- Origin: Moorhead, Minnesota, Minneapolis, United States
- Genres: Noise rock
- Years active: 1990–1996, 2010–2021
- Label: Amphetamine Reptile,
- Members: Paul Erickson Jeff Mooridian Jr. Paul Sanders
- Past members: Kat Bjelland

= Hammerhead (band) =

American noise rock band

Hammerhead was an American, Minneapolis-based noise rock band, active in the early 1990s. Members went on to form the band Vaz.

==History==
Hammerhead was formed in Moorhead, Minnesota in the early 1990s, with members Paul Erickson, Jeff Mooridian Jr. and Paul Sanders, later moving to Minneapolis. The band released extensively through Amphetamine Reptile Records. Their major breakthrough album Duh the Big City garnered them critical acclaim, however after its release Paul Sanders left the group. The remaining members went on to form Vaz after experimenting with other line-ups.
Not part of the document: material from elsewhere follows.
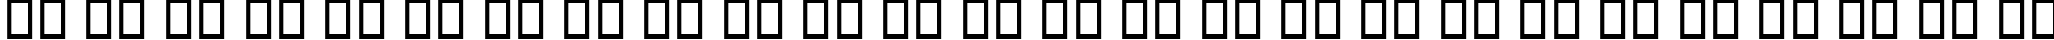 Пример написания английского алфавита шрифтом B Sepideh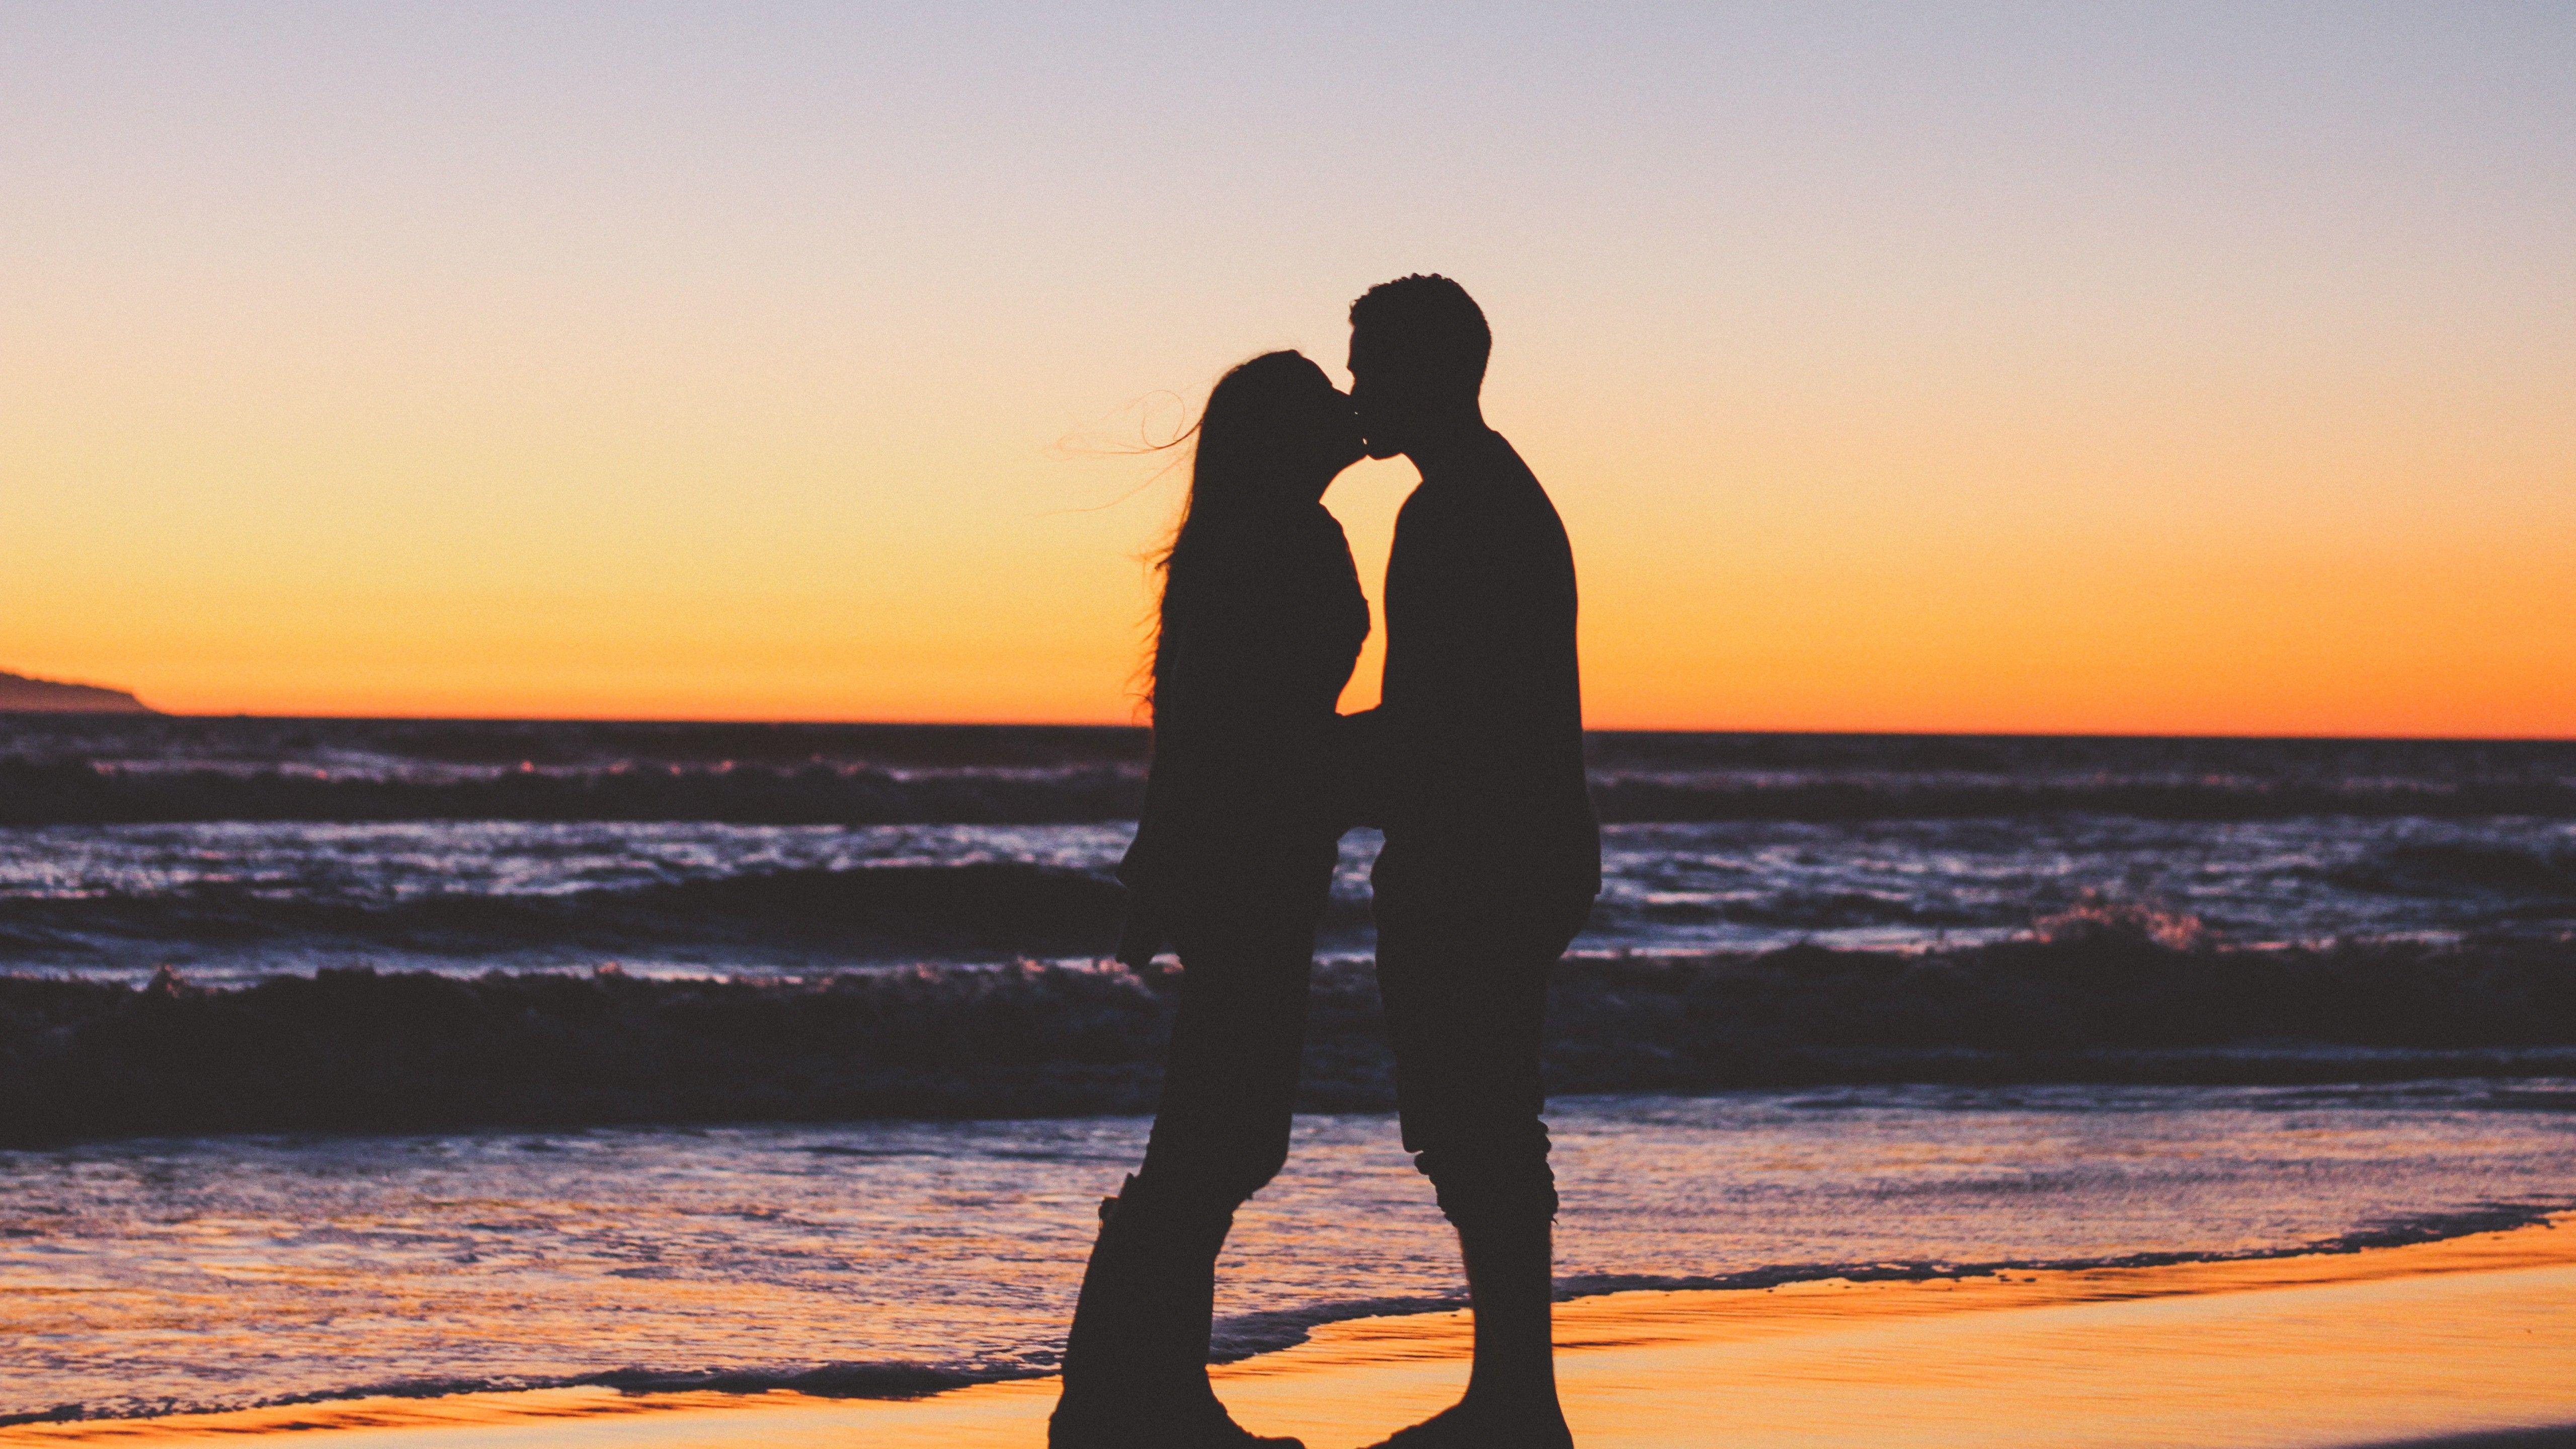 Girlfriend and Boyfriend Kiss at Sunset 5K Image

In 2010 the band reunited and released an EP of new material, Memory Hole EP, the following year. In 2014 they released a new EP, Global Depression, and in August 2015 they published New Directionz, their first full-length album since regrouping in 2010.

==Discography==
Full Discography including 7" and splits

===Albums===
- Ethereal Killer LP/CD (Amphetamine Reptile Records, 1993, ARR 36/226, amrep 012)
- Into the Vortex LP/CD (Amphetamine Reptile Records, 1994, ARR 50/323,amrep 026)
- Duh, the Big City LP/CD (Amphetamine Reptile Records, 1996, ARR/ARRCD 69/012 amrep 042)
- New Directionz (2015)

===Singles===
- "Peep" 7" (Amphetamine Reptile Records, 1991, scale 42) picture disc, research and development series
- "Load King" 7" (Amphetamine Reptile Records, 1992, scale 46) tour only
- "Evil Twin" 10" (Amphetamine Reptile Records, 1993, scale 61) tour only
- "Earth I Won't Miss" 7" (Amphetamine Reptile Records, year ?, scale 70) tour only

===Splits===
- "split" 7" (OXO Records, 1993, OXO 008)
- "Porn No. 1" 7" (Amphetamine Reptile Records, 1995, scale 72)

===EPs===
- Evil Twin 10"/MCD (Amphetamine Reptile Records, 1993, ARR 47/306,amrep 024)
- Memory Hole EP (Amphetamine Reptile Records, 2011) tour and digital release.
- Global Depression (Learning Curve Records, 2014) tour and digital release.